Продолжая смотреть на меня, он протянул руку и полностью отдернул шторку. Я увидел лишь сейф, стоящий в глубокой нише, да край книжной полки. Новоруков быстро нырнул в нишу. Я услышал звуки возни. Не прошло и минуты, как он появился снова. Это было похоже на фокус. Новоруков вывел девушку, крепко держа ее за руку и приставив к ее шее длинное шило. Девушка была в военном камуфляже. По-видимому, она только что избавилась от кляпа и жадно хватала губами воздух.
С ужасом я узнал Ирэн.
Глава 36
УЗНИК
Волосы ее были взлохмачены, щека подпухла, на губах запеклась кровь. На запястье матово сверкало кольцо наручника. Второе кольцо – открытое – болталось на цепочке, словно амулет. Безумный взгляд скользил по стенам и потолку… Я невольно сделал шаг вперед, но Новоруков дернул рукой, в которой сжимал шило, и крикнул:
– Стоять! Или ты сейчас умоешься в ее крови!
Я замер. Ирэн с трудом подняла глаза и посмотрела на меня. В этом взгляде было все – укор, боль, стыд, страх…
– Эта красавица позавчера вечером пришла ко мне в часть и попросила принять ее на контрактную службу, – сказал Новоруков таким тоном, словно торговец расхваливал свой товар. – Я поселил ее в санчасти и дал испытательный срок. Увы, испытания она не выдержала. Забыв про субординацию, она явилась ко мне, стала угрожать пистолетом и при этом называть меня нехорошими словами… Да, птичка?
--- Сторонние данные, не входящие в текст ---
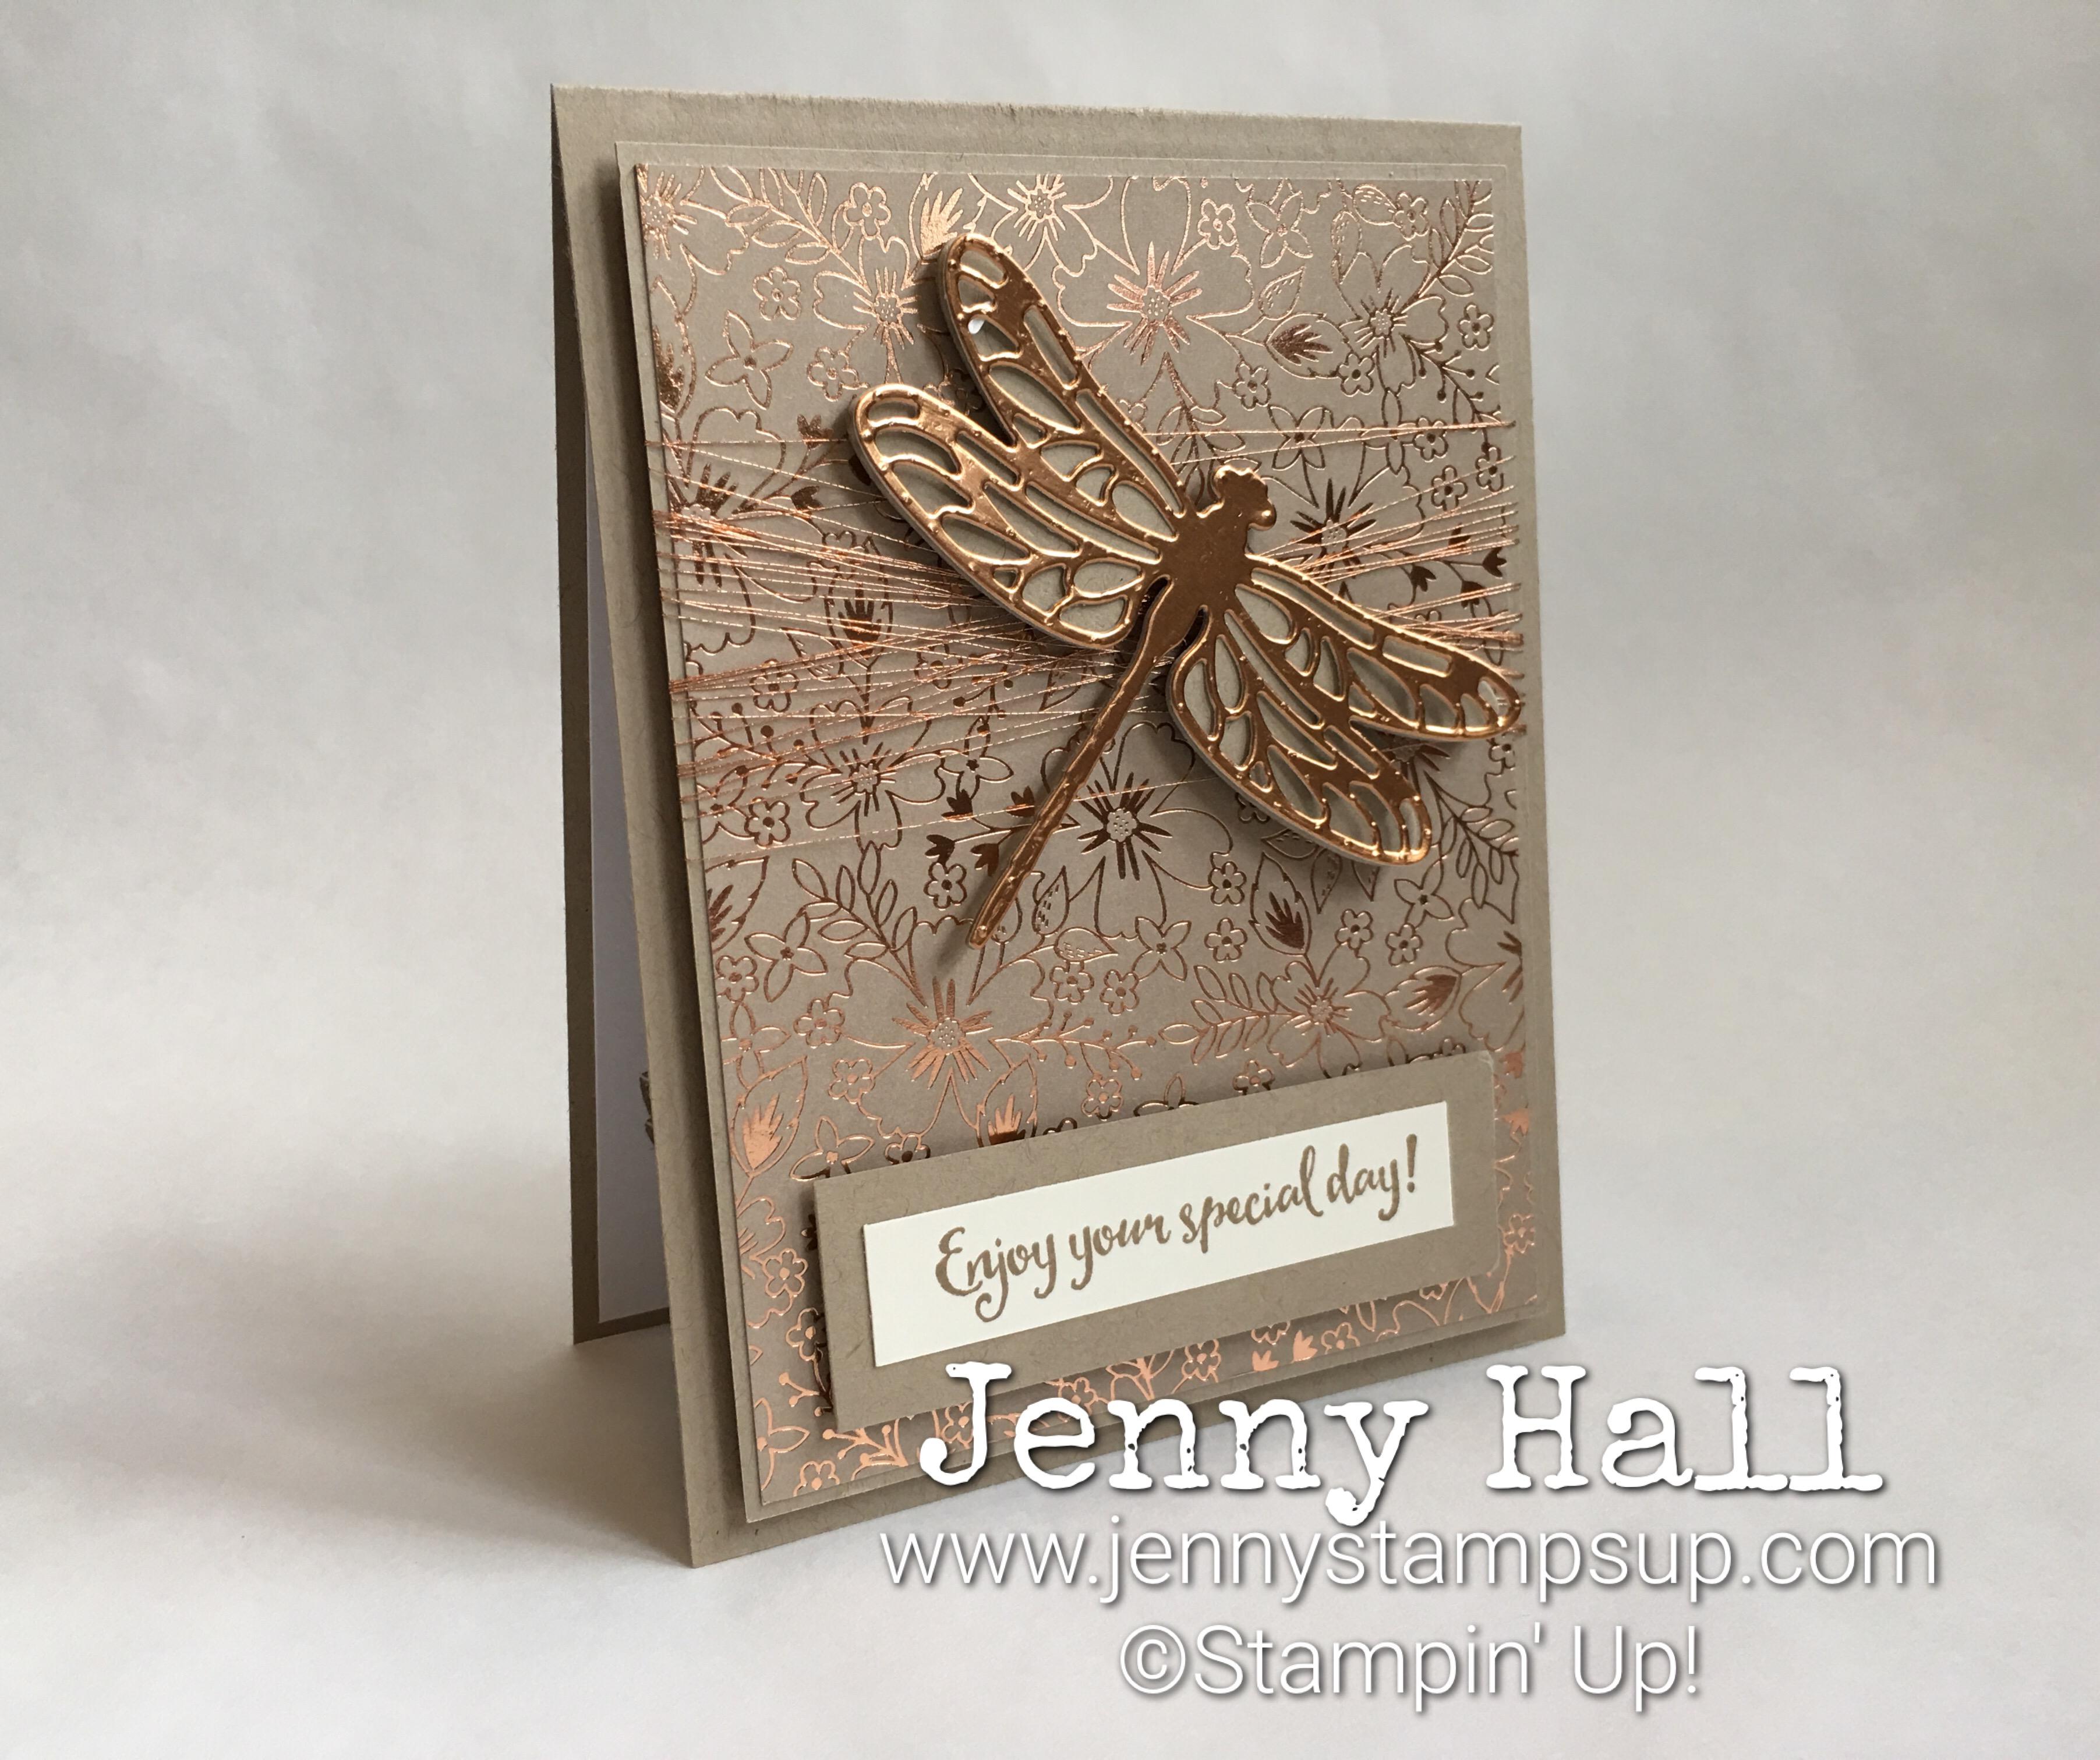 Dragonfly Dreams by Jenny Hall at www.jennyhalldesign.com

Шило ранило ей кожу, и по шее Ирэн побежала тонкая струйка крови. Ирэн болезненно поморщилась. Новоруков быстрым движением вытащил из ее кармана черную тканевую маску и кинул ее мне.
– Вот в чем она пришла! Она надеялась, что я приму ее за мужчину и очень испугаюсь… Ну что? Будем меняться? Я тебе девчонку, а ты мне – «калаш».
Этот сумасшедший мог запросто проткнуть ей артерию. Мне ничего не оставалось, как положить автомат на пол и толкнуть его ногой к пульту. Новоруков усмехнулся, словно хотел сказать: видишь, как все просто? Он хлопнул Ирэн по спине и торопливо схватил «калаш». Ирэн сделала два шага и упала мне на руки. Я усадил ее на стул. Она тотчас закрыла лицо руками. Во мне все клокотало от злости. От злости на Ирэн! Какого черта она полезла сюда! Теперь вообще нет никакого выхода! До пуска ракеты осталось тридцать семь минут. Я безоружен. У Новорукова автомат. Все, тупик! Амба!